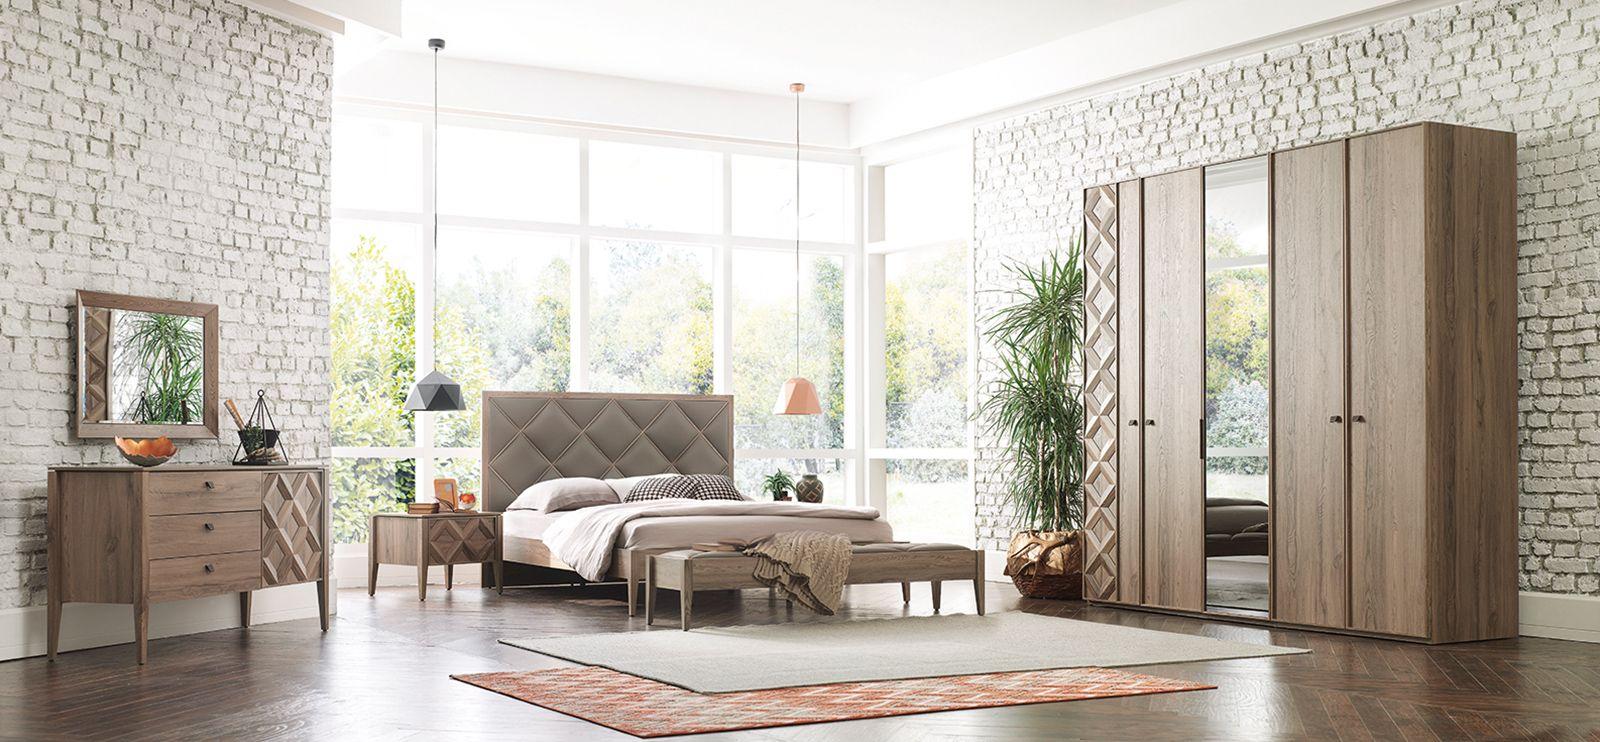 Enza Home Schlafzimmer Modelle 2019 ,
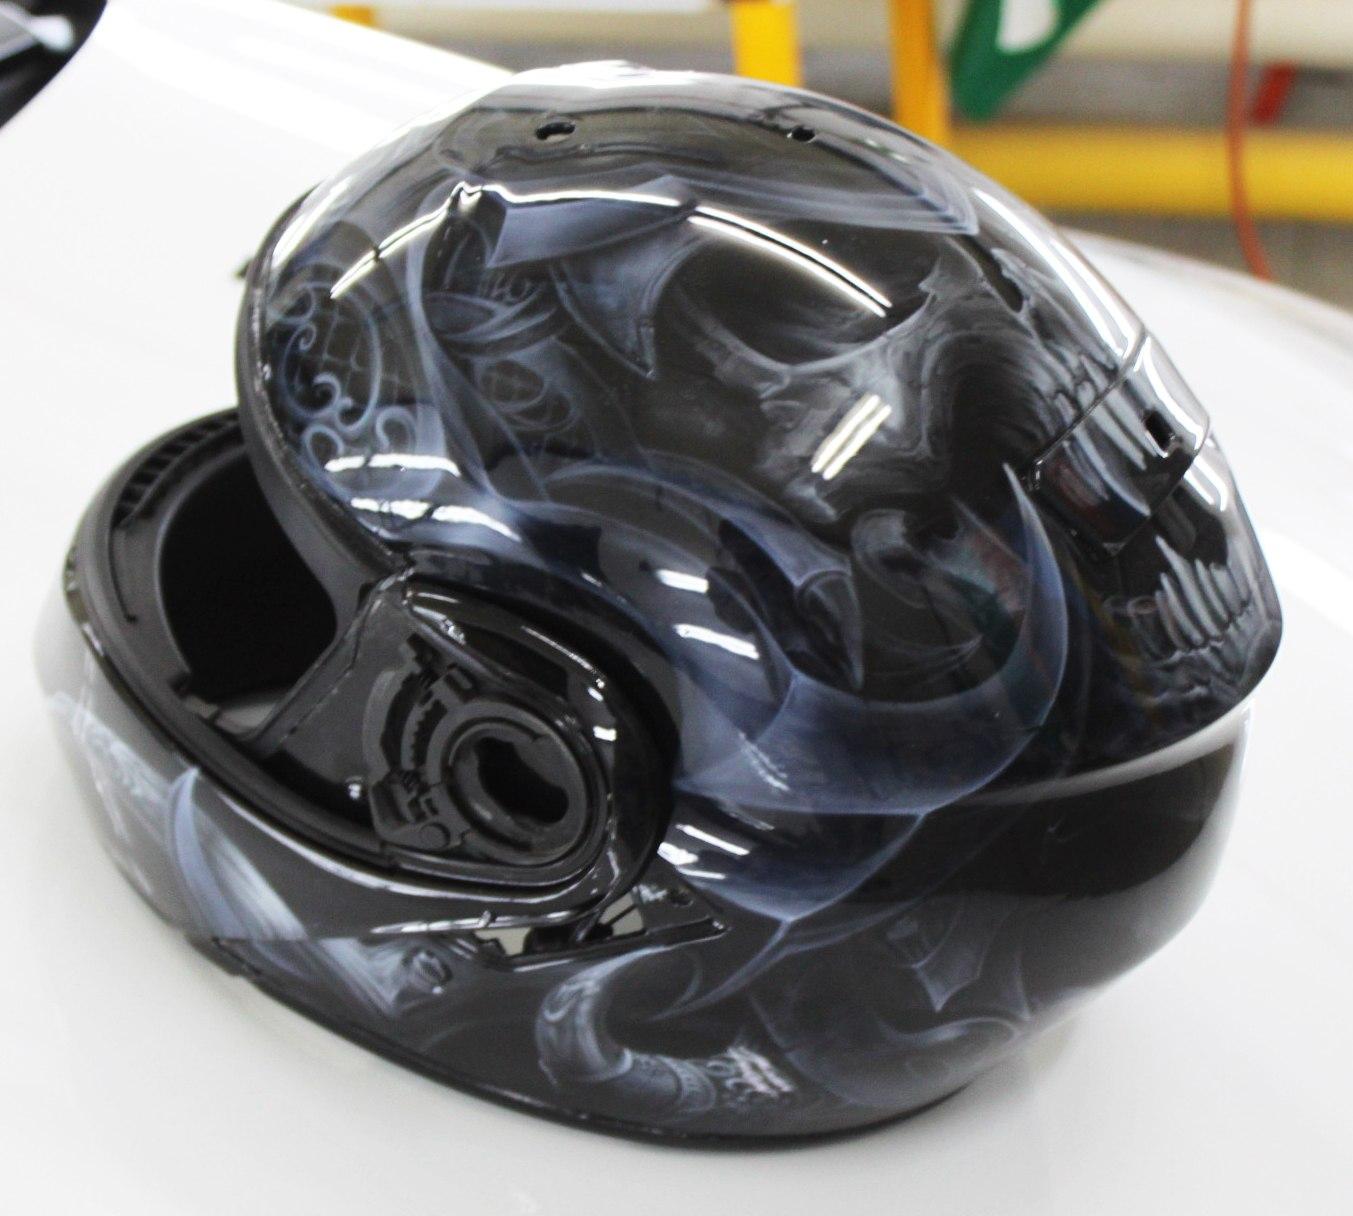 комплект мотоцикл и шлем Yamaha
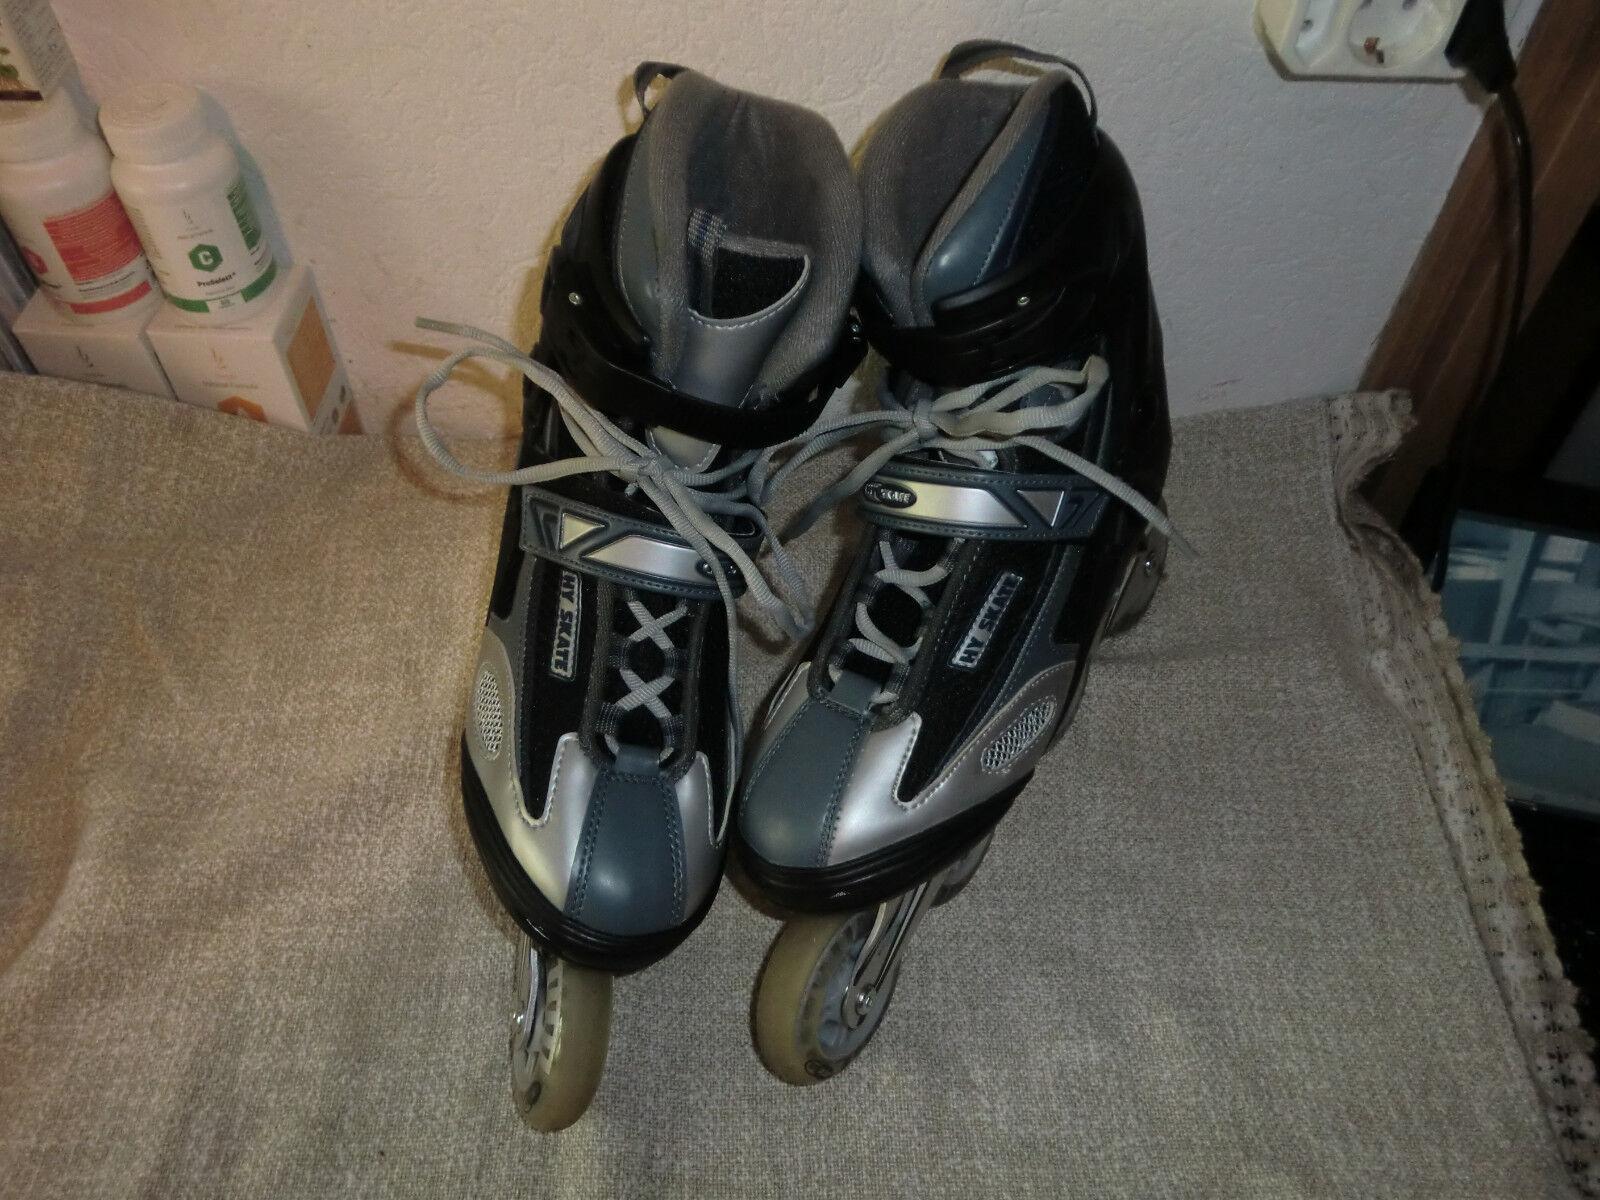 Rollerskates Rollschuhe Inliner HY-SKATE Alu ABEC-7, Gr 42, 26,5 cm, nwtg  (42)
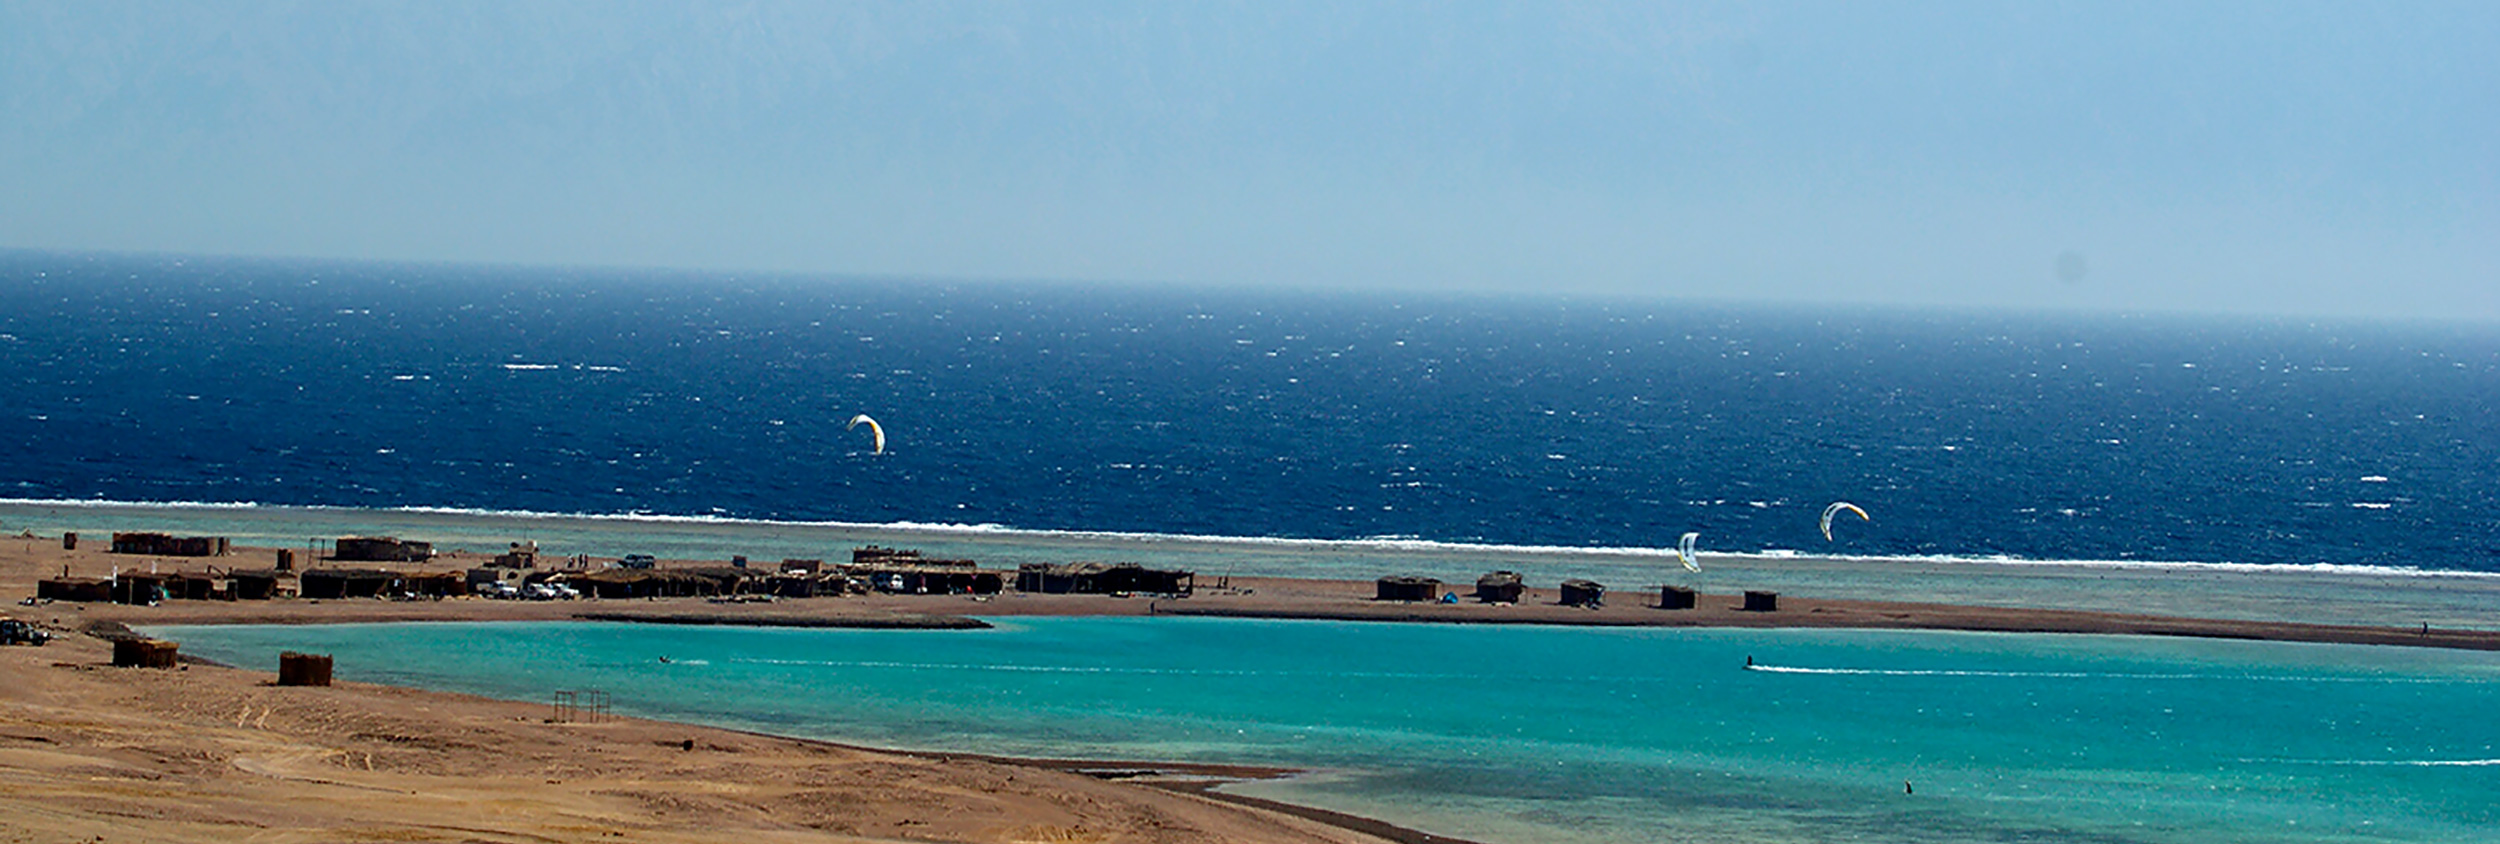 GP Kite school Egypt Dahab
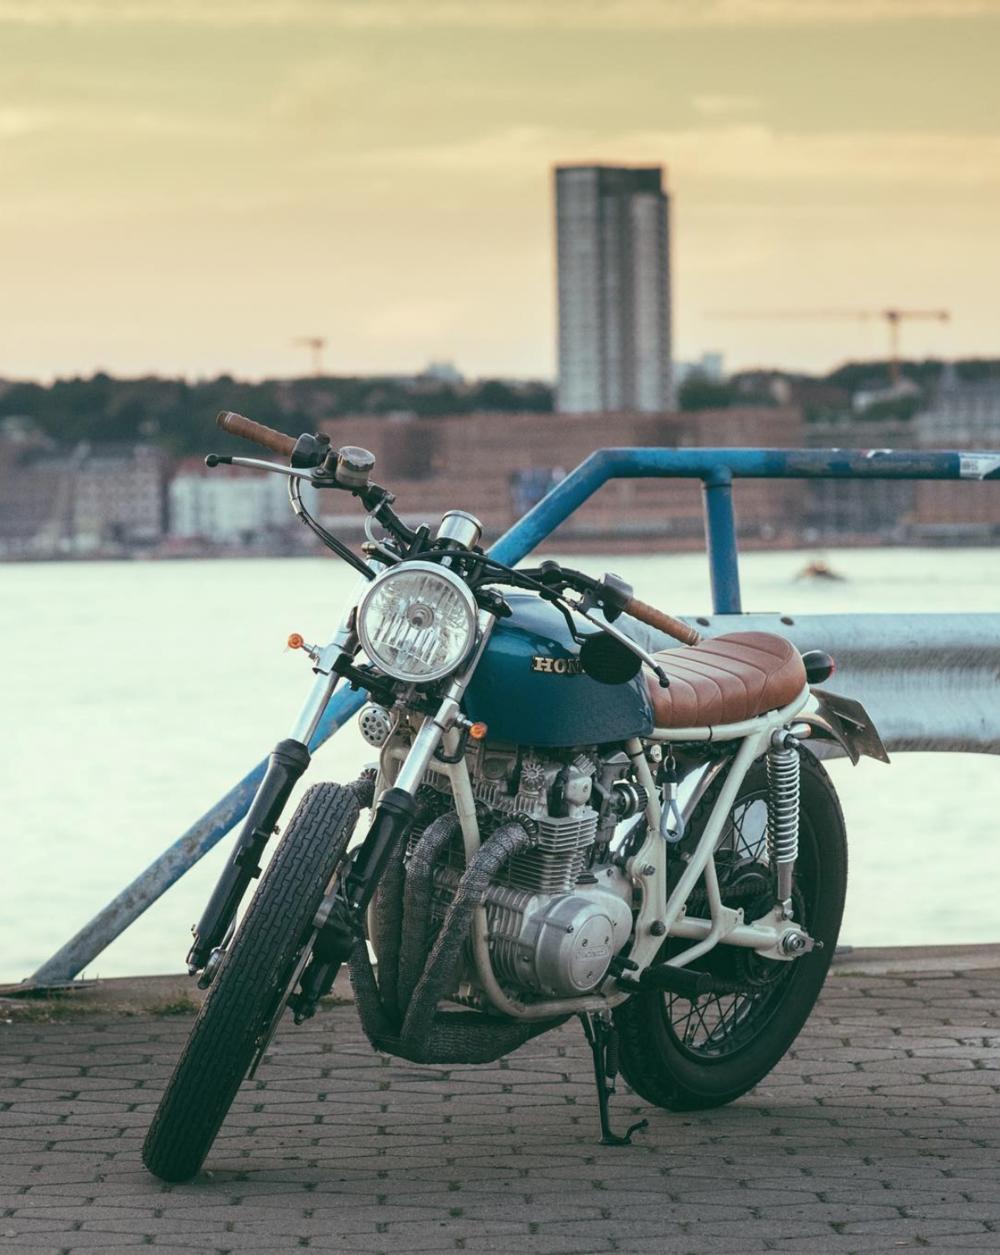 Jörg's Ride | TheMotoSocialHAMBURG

**********

Problem requirements: Begin at the line containing "комплект мотоцикл и шлем Yamaha" and write out every line to the end of the data exactly. Skip the pictures.

Solution for this task:
 комплект мотоцикл и шлем Yamaha
 Rollerskates Rollschuhe Inliner HY-SKATE Alu ABEC-7, Gr 42, 26,5 cm, nwtg  (42)
 GP Kite school Egypt Dahab
 Jörg's Ride | TheMotoSocialHAMBURG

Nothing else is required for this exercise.